Robert Bloom

Robert Bloom
Born (1908-05-03)May 3, 1908
Died February 13, 1994(1994-02-13) (aged 85)
Genres Classical
Occupation(s) Oboist, composer, arranger, teacher
Instruments Oboe

Robert Bloom (May 3, 1908  February 13, 1994) was an oboist with an orchestral and solo career, a composer and arranger contributing to the oboe repertory, and a teacher of several successful oboists.[1] Bloom is considered seminal in the development of an American school of oboe playing.[2]

At the Curtis Institute of Music Bloom was a pupil of Marcel Tabuteau for three years.[2] In the 1930s he played English horn in the Philadelphia Orchestra under Leopold Stokowski and first oboe in the Rochester Philharmonic under José Iturbi.[2] He was the principal oboe in Arturo Toscanini's NBC Symphony Orchestra from 1937 to 1943.[3] Bloom plays on recordings by the Columbia Symphony and the RCA Symphony.[2]

In 1946 Bloom was one of the founding members of the Bach Aria Group, with which he played until 1980.[1][2] Recordings by the Bach Aria Group featuring Bloom started appearing from the late 1940s.[4] Bloom transcribed and elaborated 18th-century masterworks for the oboe.[5] His own compositions include a Sonatina for oboe and piano.[1]
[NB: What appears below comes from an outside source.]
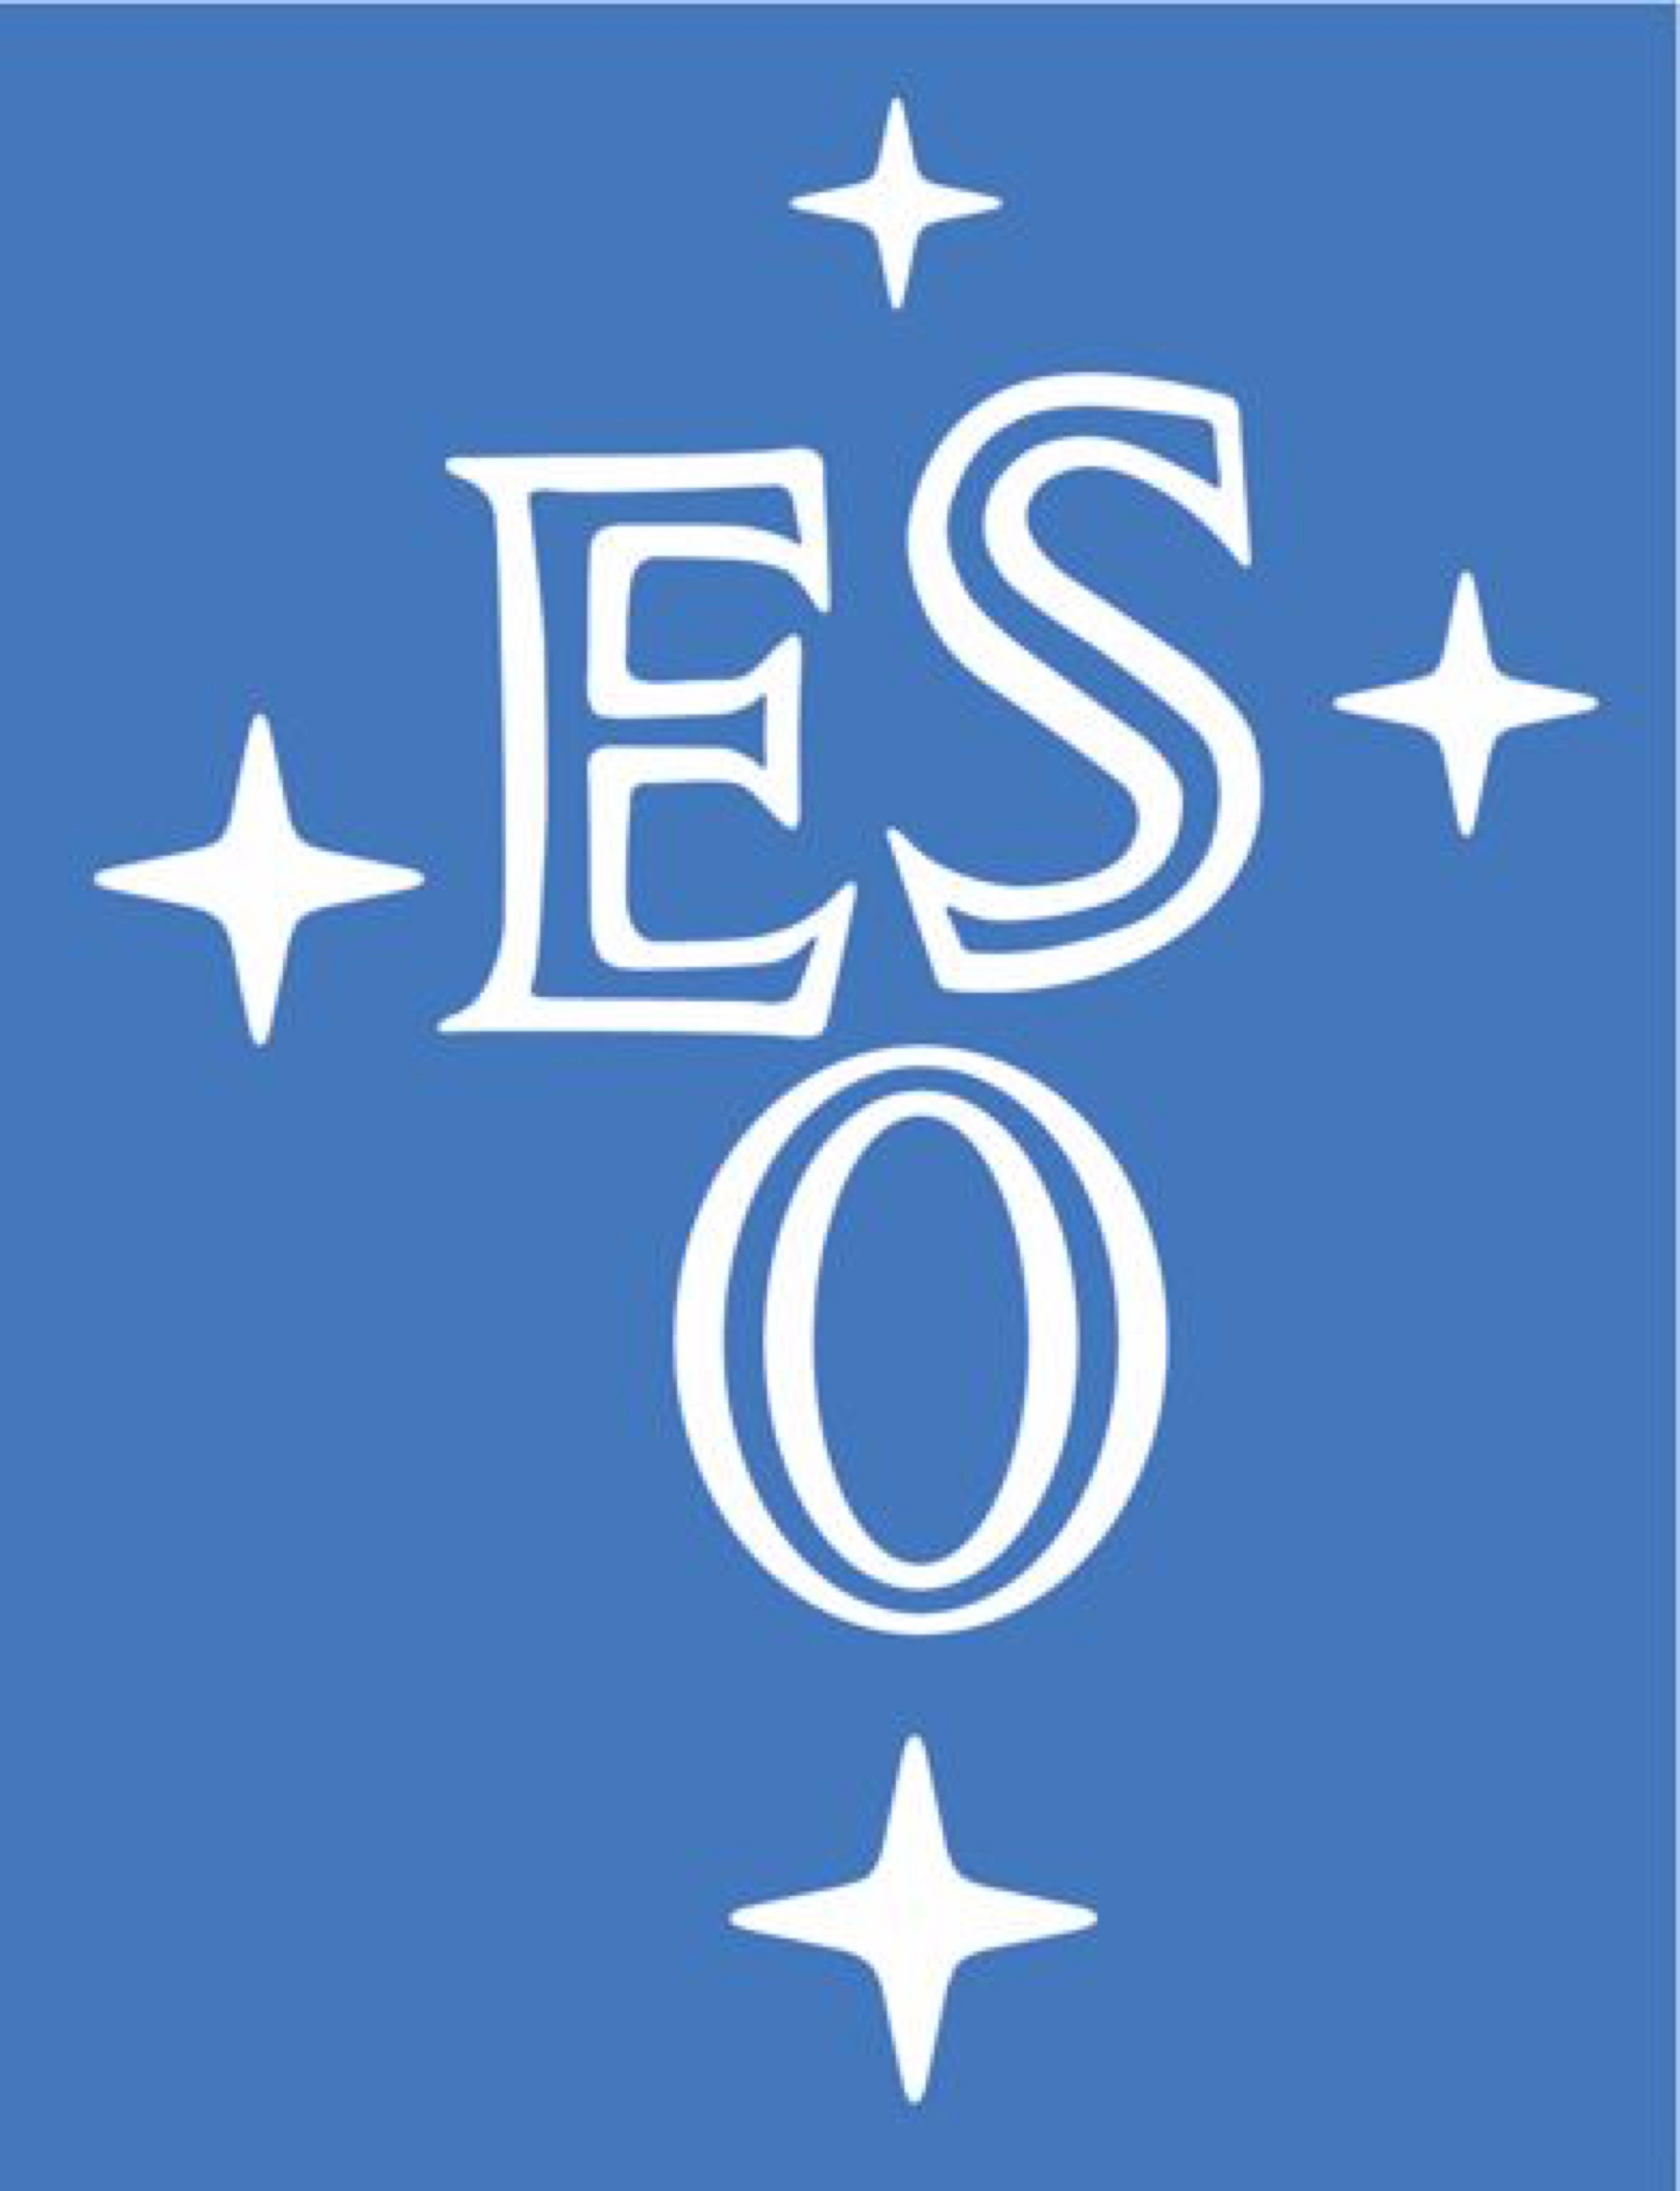 ESO - European Southern Observatory - Европейская южная обсерватория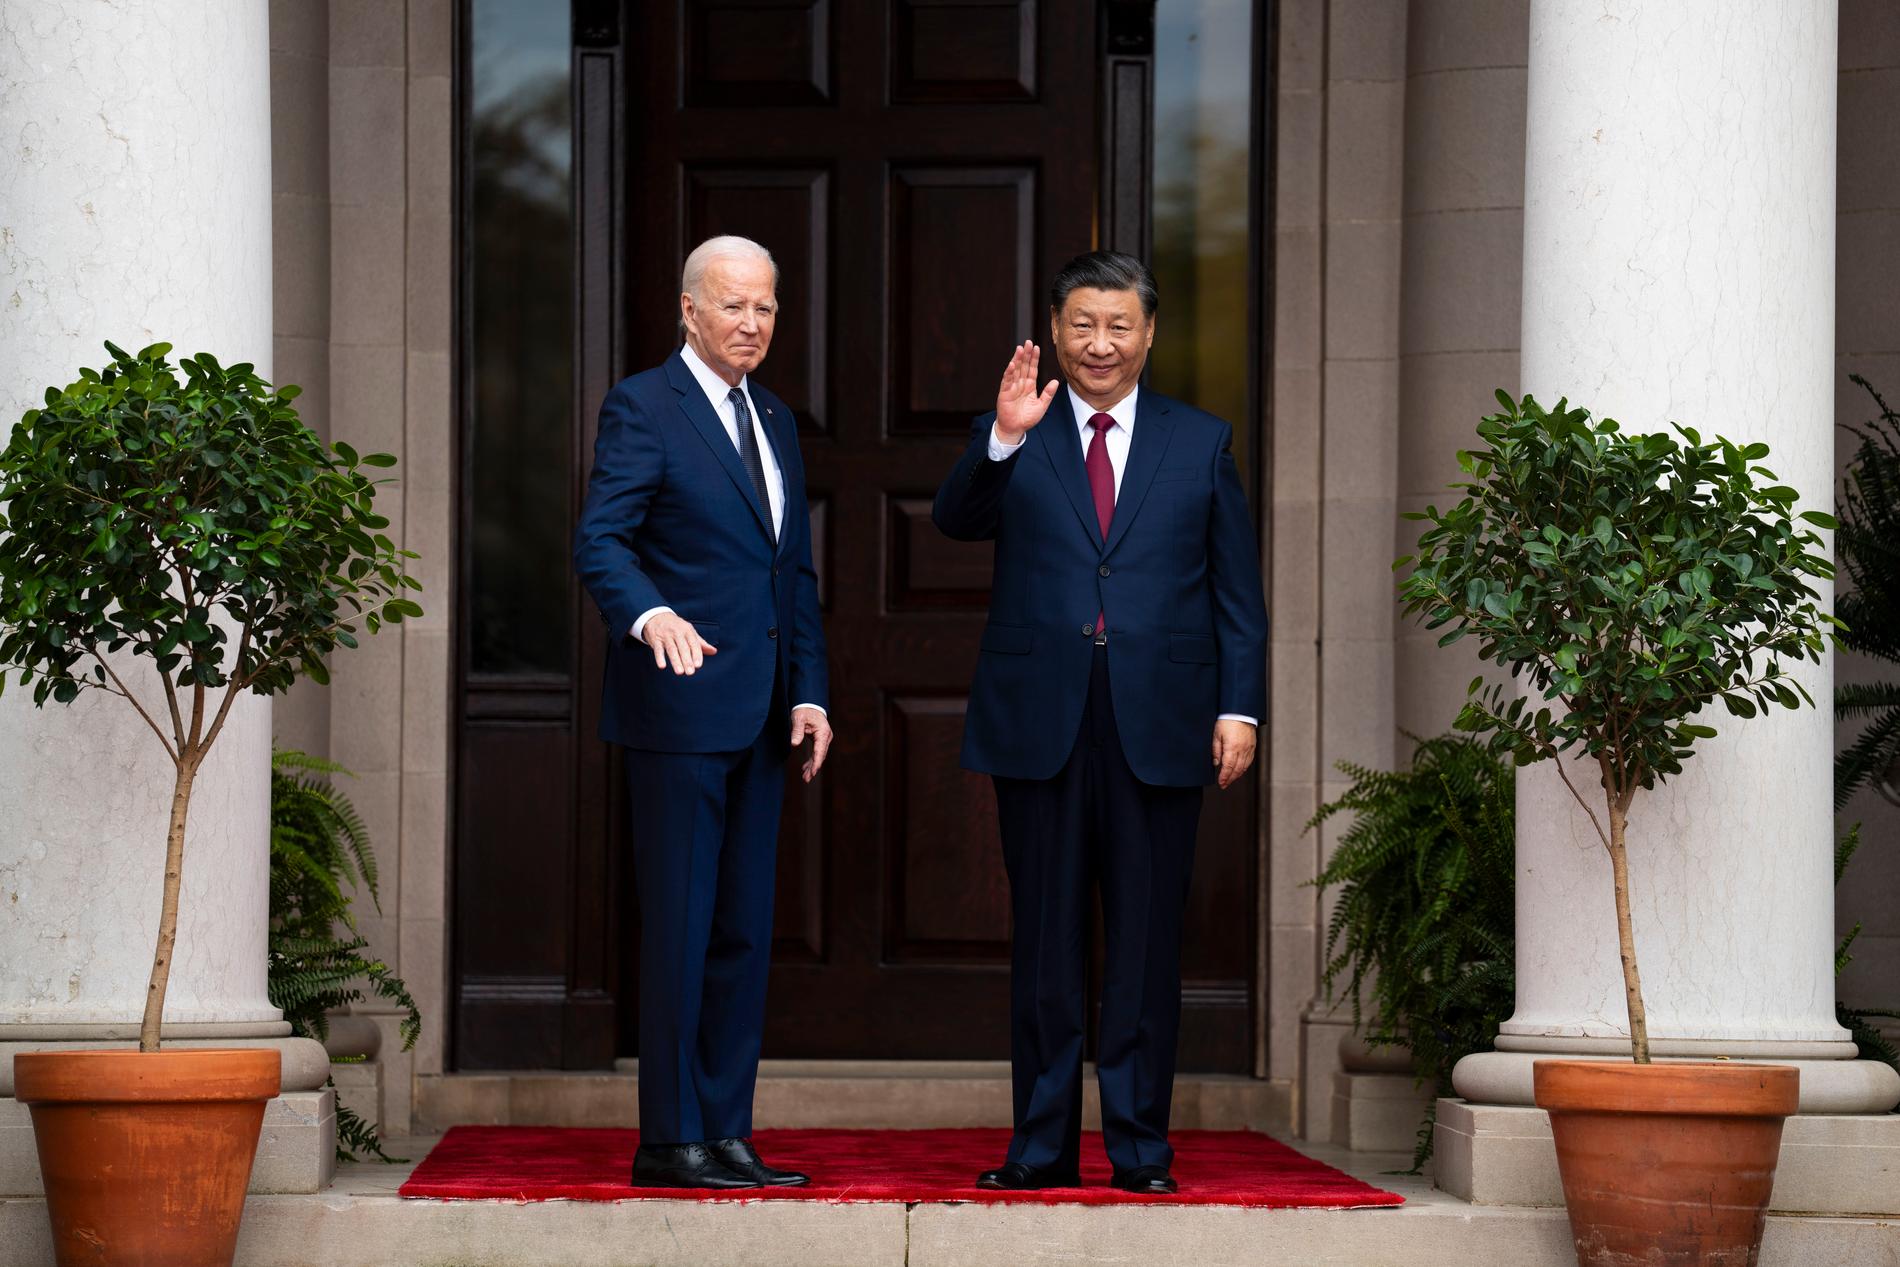 Xi and Biden exchange congratulations

Bloom was a professor at Yale and Juilliard.[1] His pupils include William Bennett,[6] Bill Douglas,[7] Tim Hurtz,[8] Bert Lucarelli,[9] Ray Still,[9][10] Allan Vogel,[9] and Richard Woodhams,[2] In the spring of 1988, friends, colleagues, and former pupils gathered in Lincoln Center's Alice Tully Hall in New York for an 80th-birthday tribute.[2]

A few years after Bloom's death in 1994,[11] his widow, Sara Lambert Bloom, published The Robert Bloom Collection, scores and parts to his 21 editions of 18th-century masterworks, 10 transcriptions, and 10 compositions.[12] The Art of Robert Bloom, a 7-CD set of live performances of concertos, chamber music, and Bach arias performed by Bloom over his 60-year career was released in 2001 on Boston Records label.[13]